New York City
Bruce Wayne may have had the best kept secret in Gotham, but Jason O'Connell holds the best kept secret in New York City. The actor was most recently seen donning the coat and tails of English gentry as both Edward and Robert Ferrars in Bedlam's Sense & Sensibility — the latest addition to a resume that is saturated with similarly sophisticated Shakespearean credits. Deep down, however, O'Connell is just a Batman nerd who's spent as much time mastering his Michael Keaton impression as he has learning Richard III's "my kingdom for a horse" speech. Still, it's not O'Connell's alter ego as a Dork Knight (the affectionate title of his one-man show) that makes for the biggest reveal of the night — but rather the fact that within this small solo piece at the Abingdon Theatre Company is hiding one of New York's finest undiscovered actors.
The autobiographical one-act is essentially O'Connell's life story as told through the lens of the Batman franchise. Each comic, cartoon, and film marks a new frontier in his bumpy transition from childhood to adulthood — a process that comes to include the neuroses of a struggling actor who suffers from low self-esteem and a body image complex. Who stuck with him through it all? Batman. The DC superhero gave O'Connell an arsenal of impressive impersonations (his Michael Keaton Batman and Jack Nicholson Joker are particularly spot-on); he soothed O'Connell's aching soul during a particularly dreadful summer performing at a matinee-only dinner theater; and he offered O'Connell a sturdy male role model in the wake of an absent father. Best of all, this character he idolizes is just a man, who, through the sheer power of will (and wealth), made himself a global savior.
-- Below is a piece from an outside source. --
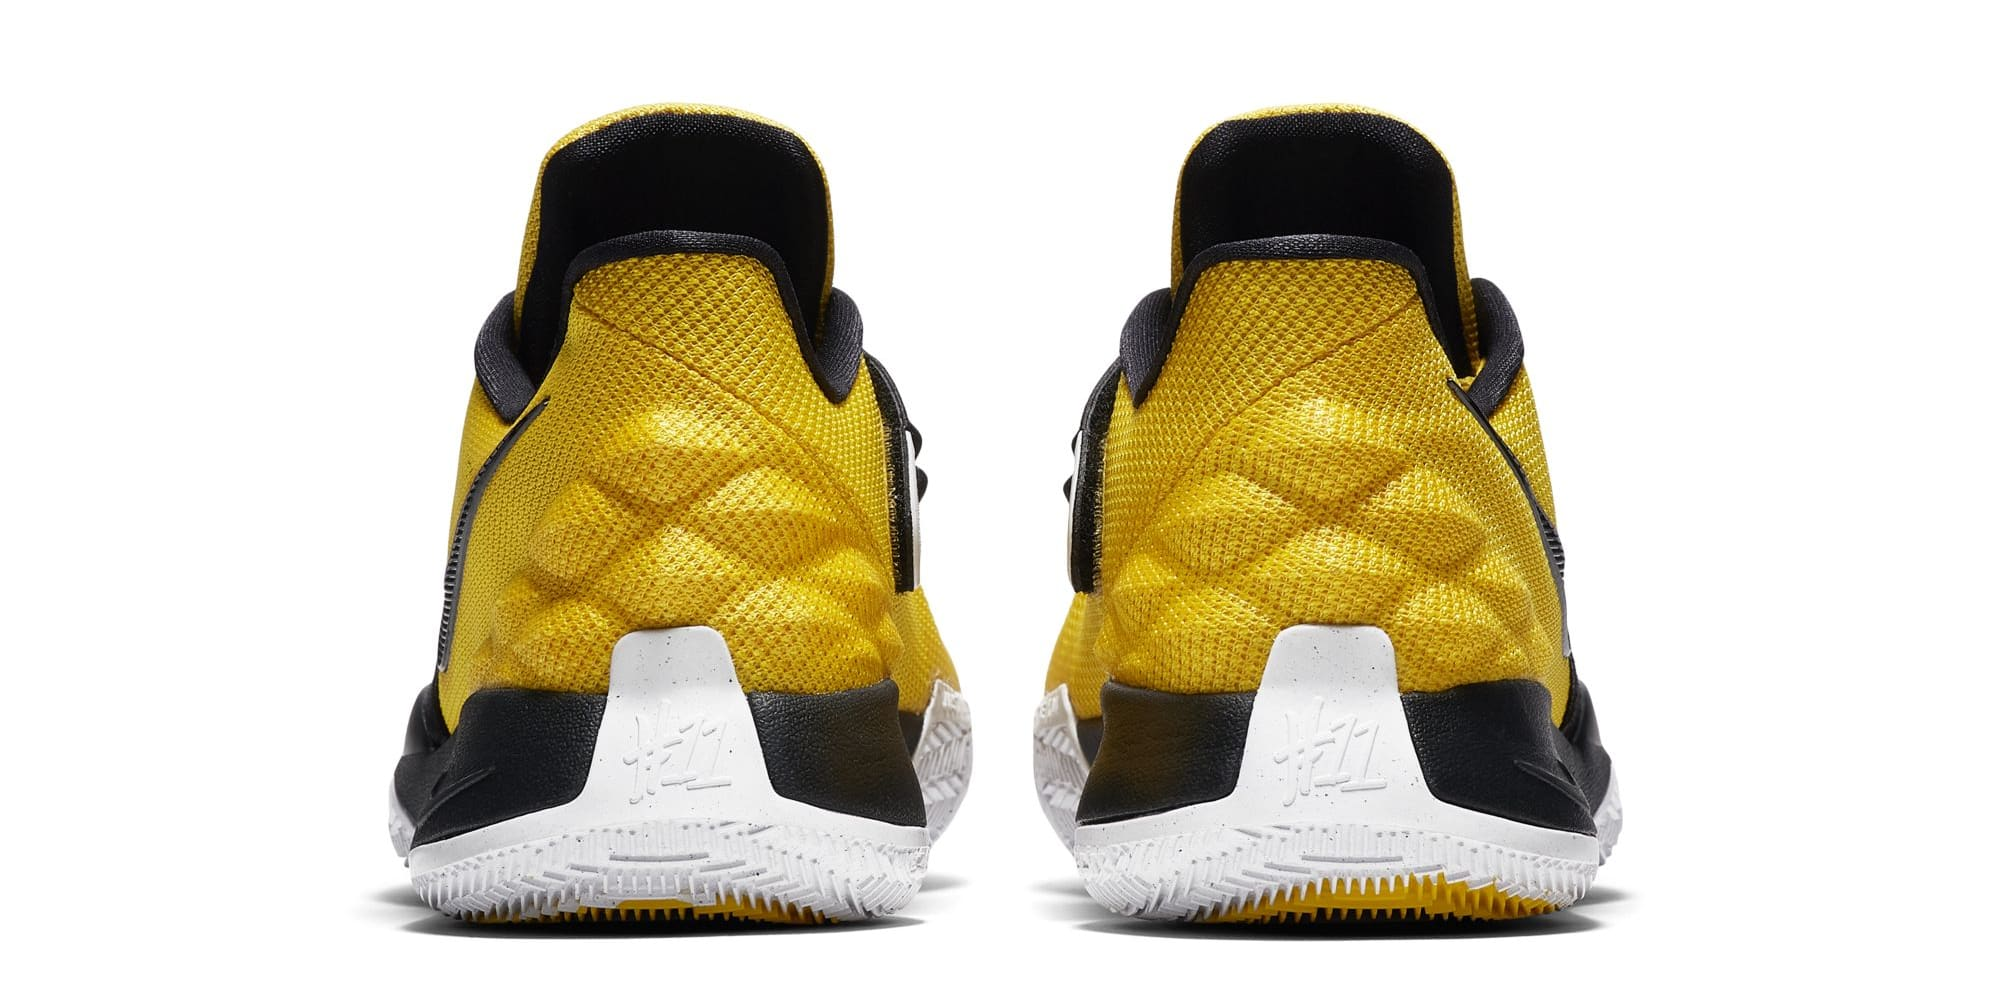 Nike Kyrie Low 'Amarillo/Black' (Heel)

The passion with which O'Connell extols the virtues of Batman mixes an intoxicating Kool-Aid for even the superhero averse. Not to say the Batman lifers in the audience won't get everything they're looking for from Dork Knight. O'Connell has collaborated with his director, Tony Speciale, to create a one-man Batman fantasy funhouse, where all your favorite characters congregate for a multi-generational reunion. Lighting designer Zach Blane facilitates each of O'Connell's transformations, giving each character — from Arnold Schwarzenegger's Mr. Freeze to Heath Ledger's Joker — a specific and appropriately dramatic aesthetic.
All of this, however, adds up to more than just a fun party trick. O'Connell is a remarkably honest performer and writes himself a candid, hilarious, and surprisingly moving monologue to match. His trip to see The Dark Knight Rises becomes a sincere catharsis — a moment for him to absorb the consequences of Batman's discreet retirement. He's happy that Bruce Wayne can finally live a life of leisure with the woman of his dreams, while also envious that he, himself, has not achieved a similar nirvana.
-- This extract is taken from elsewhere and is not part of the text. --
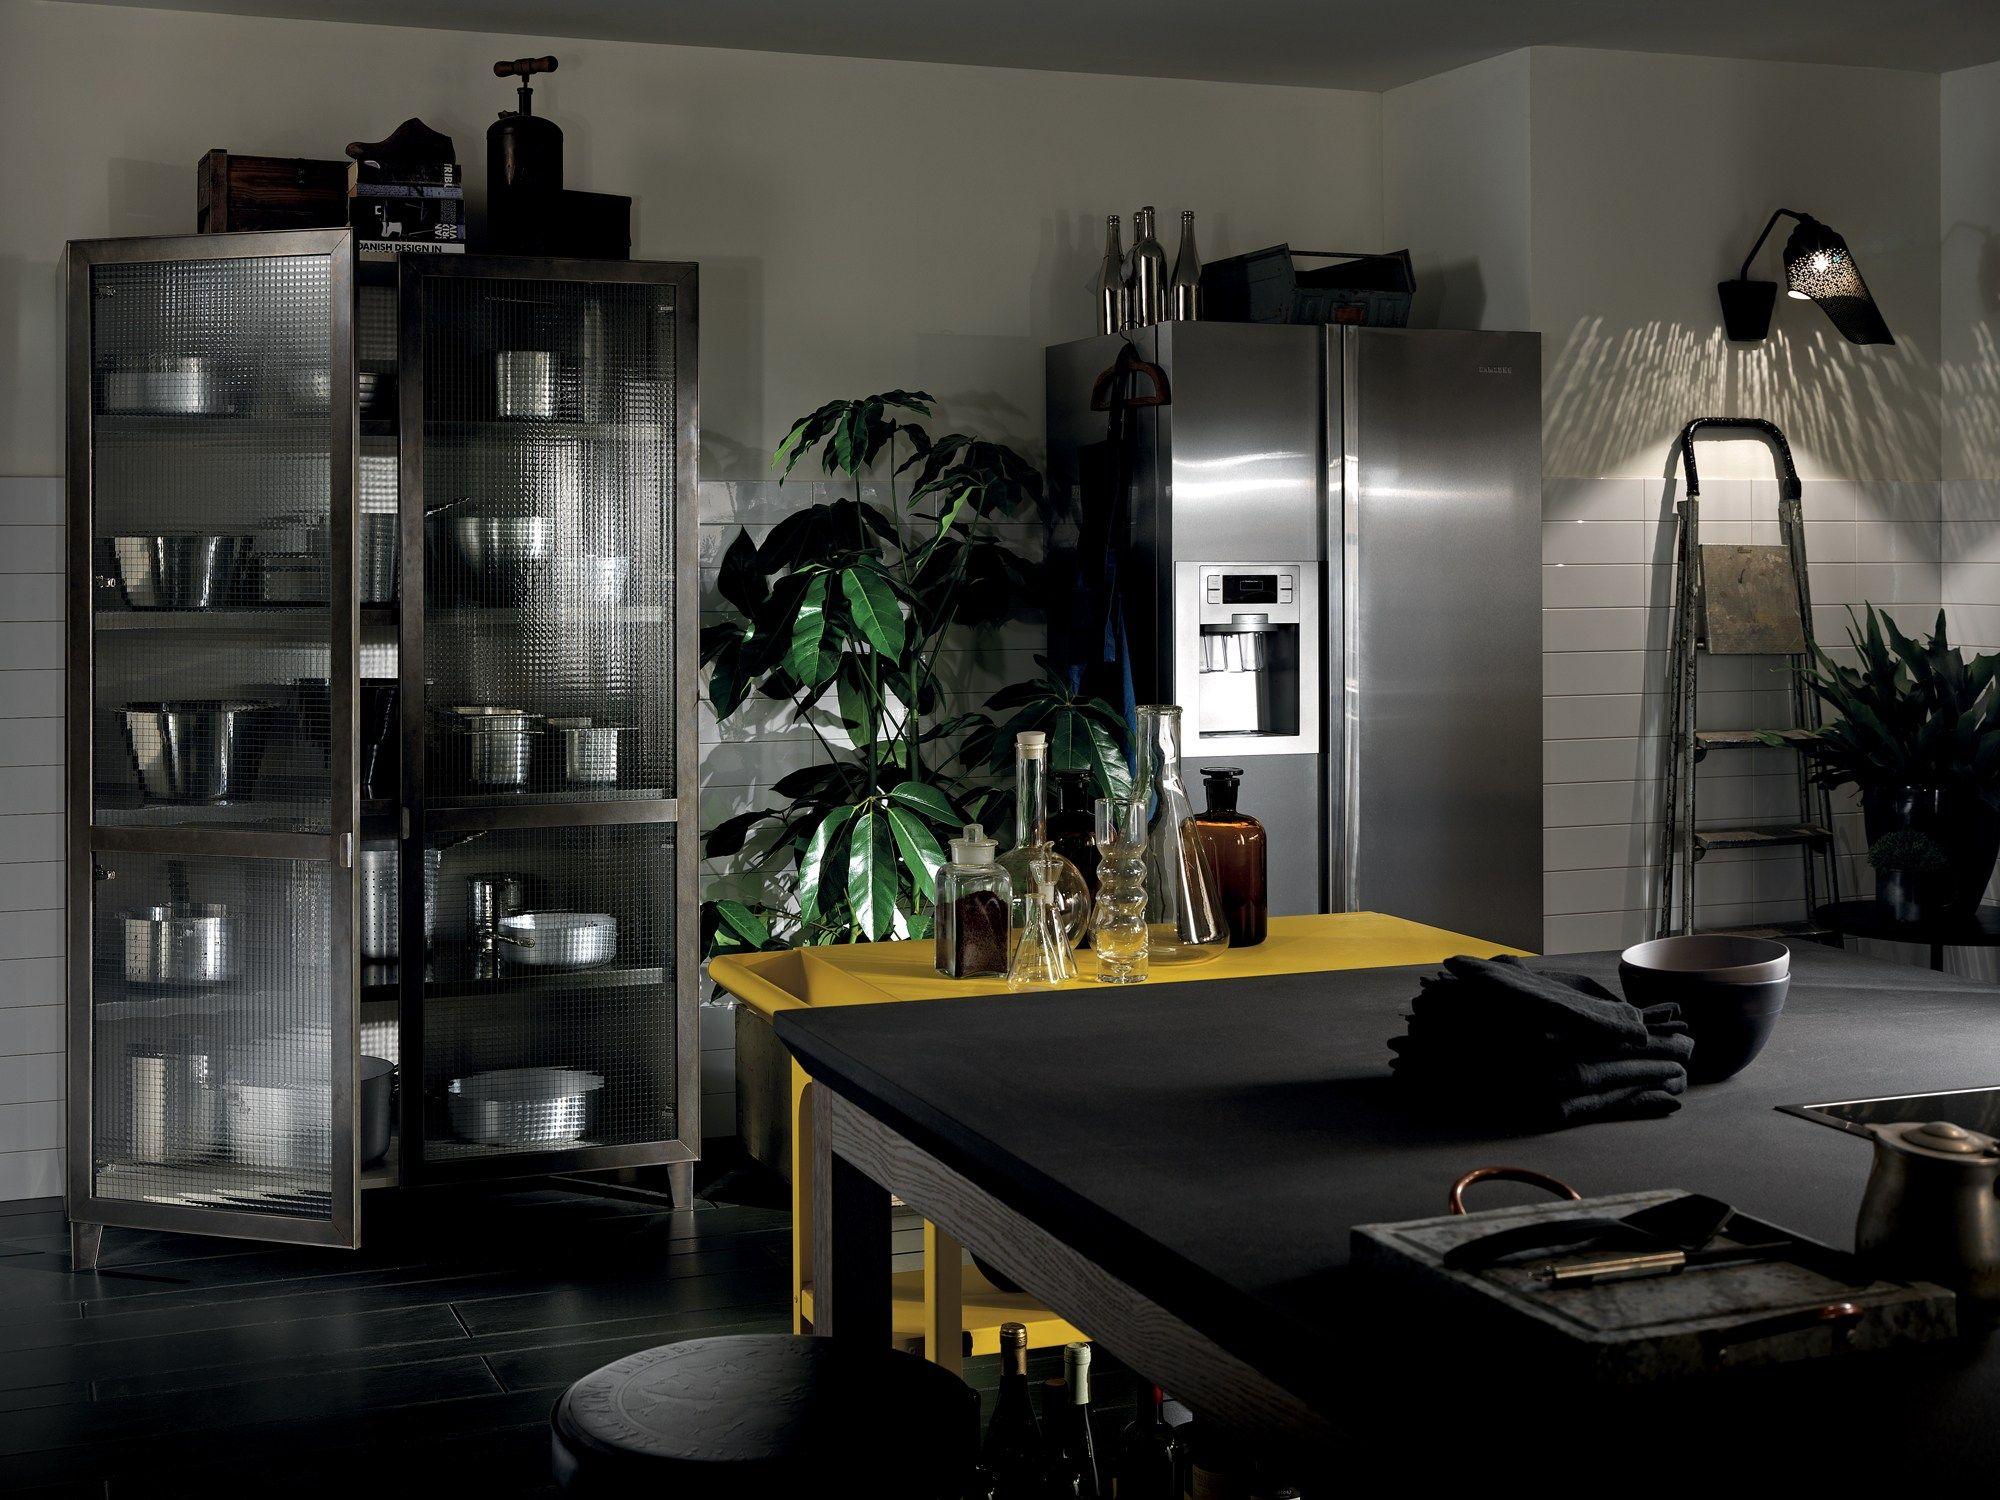 Cucina componibile diesel social kitchen linea scavolini - Cucine scavolini diesel ...

The Batman trope — while introduced as self-effacingly silly — gives body to O'Connell's stories, none of which would make headlines, but are compelling in their grounded relatability. After all, aside from our parents, nothing has a greater impact on who we become than the characters that consume our imaginations, shape our philosophies, and mold our visions of the world. Perhaps our inner conflicts truly are just debates between cultural icons vying to dominate our psyches. And if we're as truthful with ourselves as O'Connell is with us, the loudest voices would probably fall under the "dork" umbrella. It likely wasn't Socrates who wove our moral fiber, it was Mr. Feeny. And it wasn't Hooked on Phonics that inspired a generation of bookworms, it was Hermione. And that's more than OK, because if the comic book industry teaches us one thing, it's that the biggest dorks make the greatest heroes.